- [PROVIDED MATERIAL]
--------
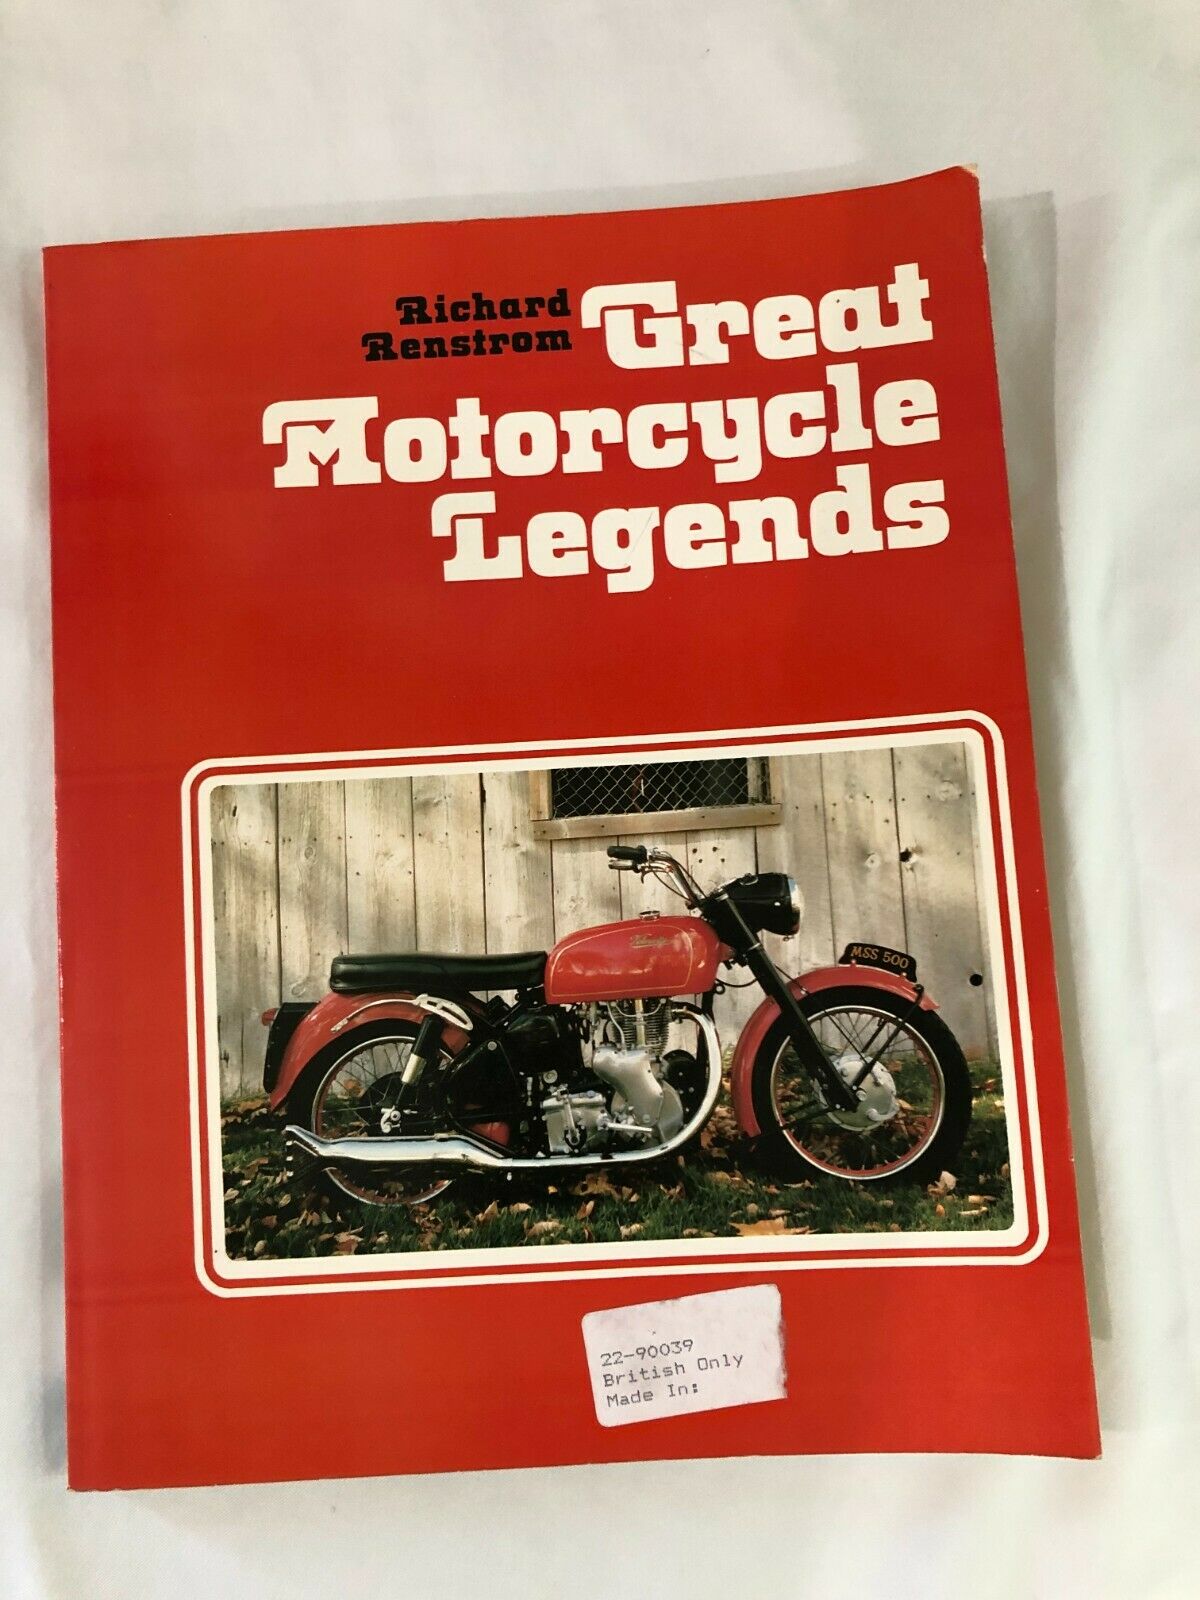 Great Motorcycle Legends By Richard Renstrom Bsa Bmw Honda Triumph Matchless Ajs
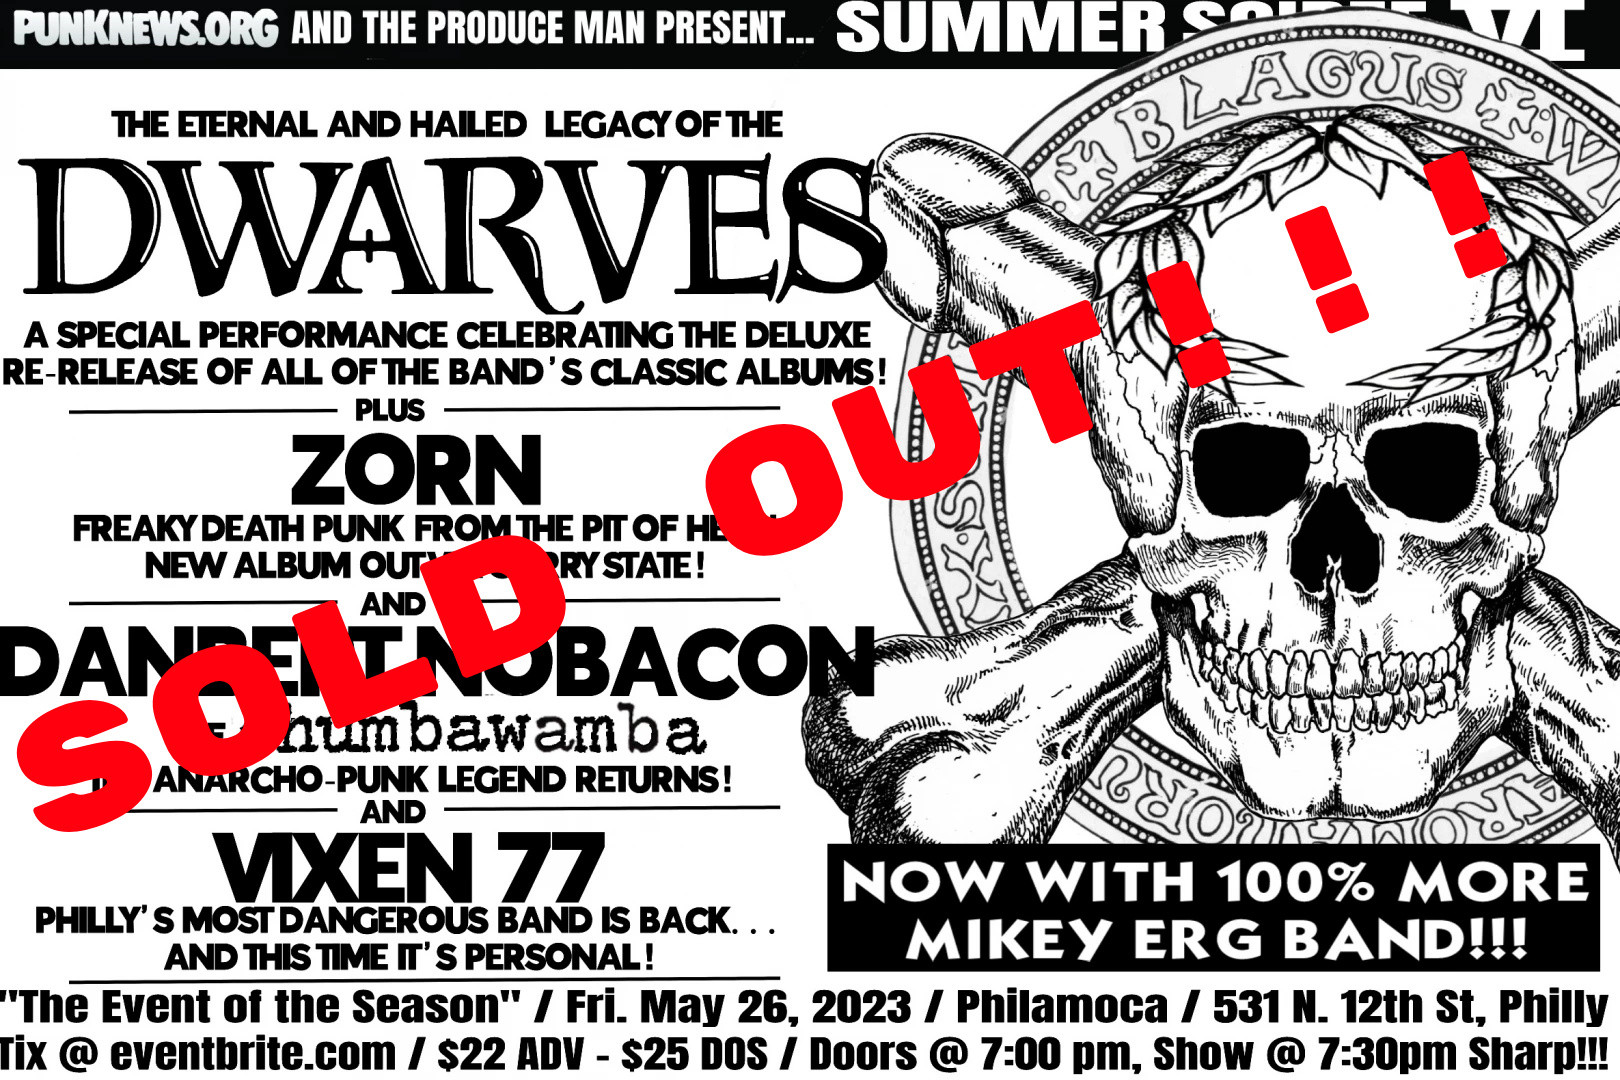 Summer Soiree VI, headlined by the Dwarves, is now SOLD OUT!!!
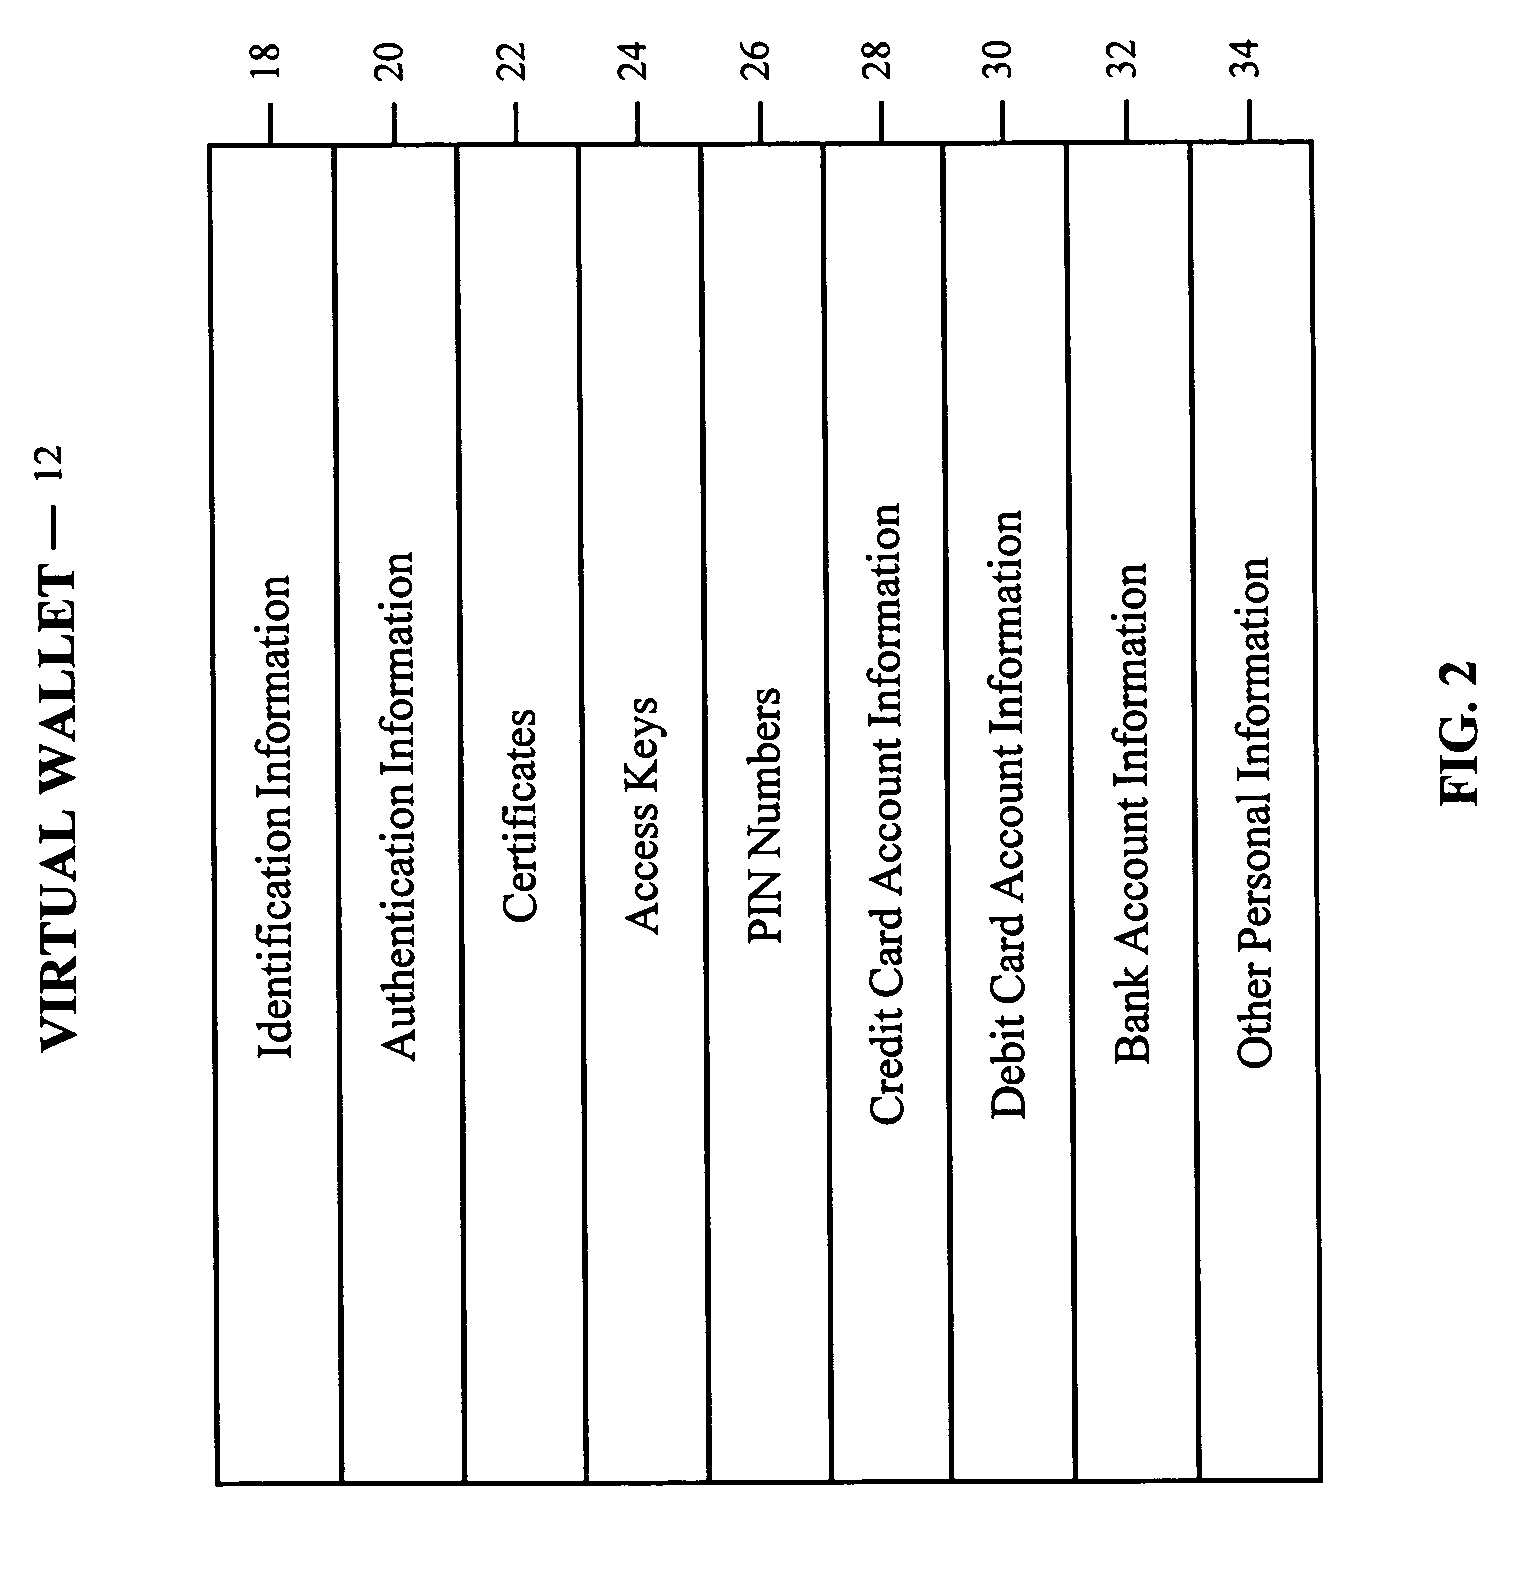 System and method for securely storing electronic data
--------
- [EXERCISE]
Pictures aside, the material must be written out word for word.

- [YOUR RESPONSE]
 Great Motorcycle Legends By Richard Renstrom Bsa Bmw Honda Triumph Matchless Ajs
 Summer Soiree VI, headlined by the Dwarves, is now SOLD OUT!!!
 System and method for securely storing electronic data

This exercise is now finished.